Connect with me on Open Science Framework | Contact me via LinkedIn
Depending on your machine it might be necessary to use right-click -> open in new browser window.
R analysis script presenting the exemplary DEA (Charnes et al., 1979) with one input and one output variable discussed in chapter 4 of the Marketingmanagement lecture. Throughout the script we apply functions provided by the package Benchmarking (see, Bogetoft & Otto (2022), as well as the corresponding book Bogetoft & Otto (2011)).
If this exercise grabs your attention, please check-out our study programs at the Chemnitz University of Technology by clicking on the logo (Germany)
Loading packages
R is a context-sensitive language. Thus, ‘data’ will be interpreted not in the same way as ‘Data’ will.
In R most functionality is provided by additional packages.
Most of the packages are well-documented, see: https://cran.r-project.org/
The code chunk below first evaluates if the package pacman is already installed to your machine. If yes, the corresponding package will be loaded.
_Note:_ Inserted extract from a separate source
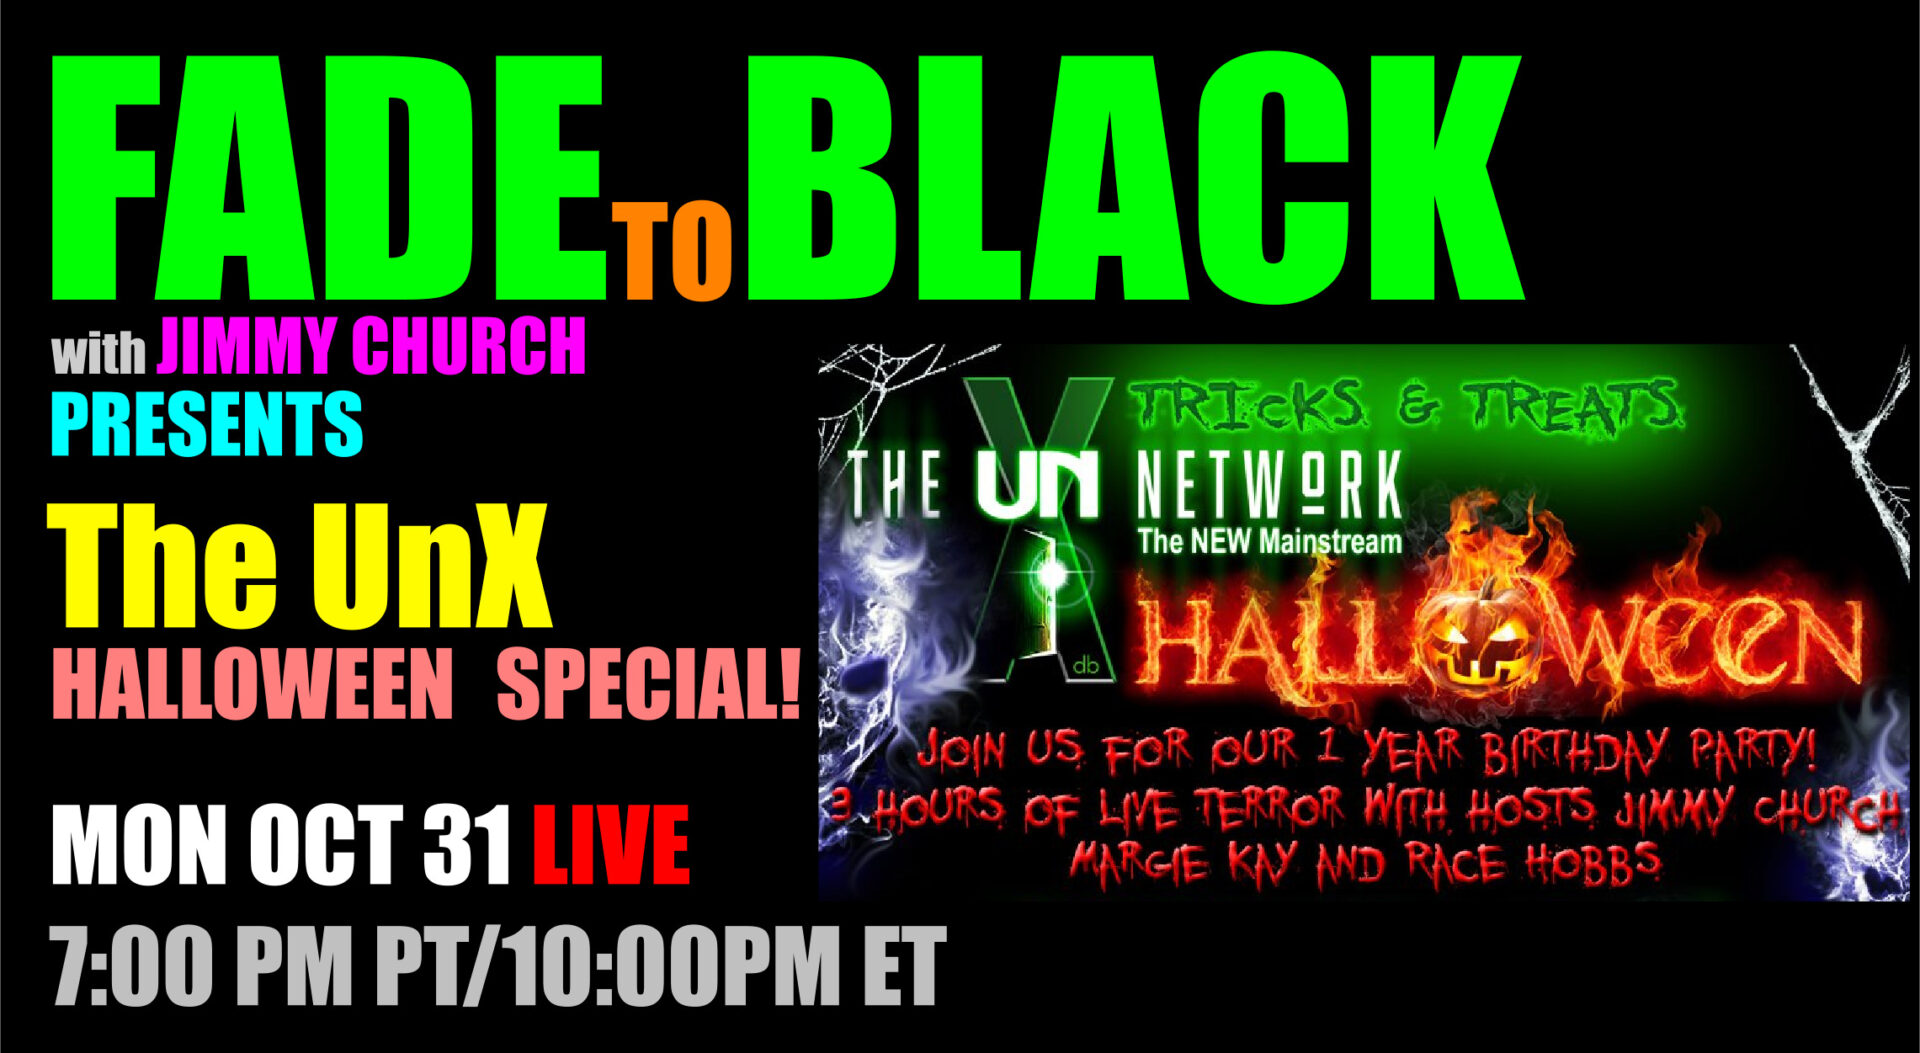 Fade To Black - UnX Halloween Special - October 31st

If not, R will install the package.
Alternatively, you can do this manually first by executing install.packages(“pacman”) and then library(pacman).
The second line then loads the package pacman.
The third line uses the function p_load() from the pacman package to install (if necessary) and loads all packages that we provide as arguments (e.g., Benchmarking, which provides functions for Data Envelopment Analysis (DEA) and Statistical Frontier Analysis (SFA)).
if (!"pacman" %in% rownames(installed.packages())) install.packages("pacman")
library(pacman)
pacman::p_load(haven, kableExtra, knitr,
labelled, tidyverse, Benchmarking)
In all code chunks throughout this script you are able to receive additional help on each used function by clicking on its name (or via right-click and then open in new browser tab). Alternatively, when coding, we can see which arguments a function understands by pressing ‘F1’ while setting the cursor into the function’s name.
Here is the R session info which gives you information on my machine, all loaded packages and their version:
R version 4.2.0 (2022-04-22 ucrt)
Platform: x86_64-w64-mingw32/x64 (64-bit)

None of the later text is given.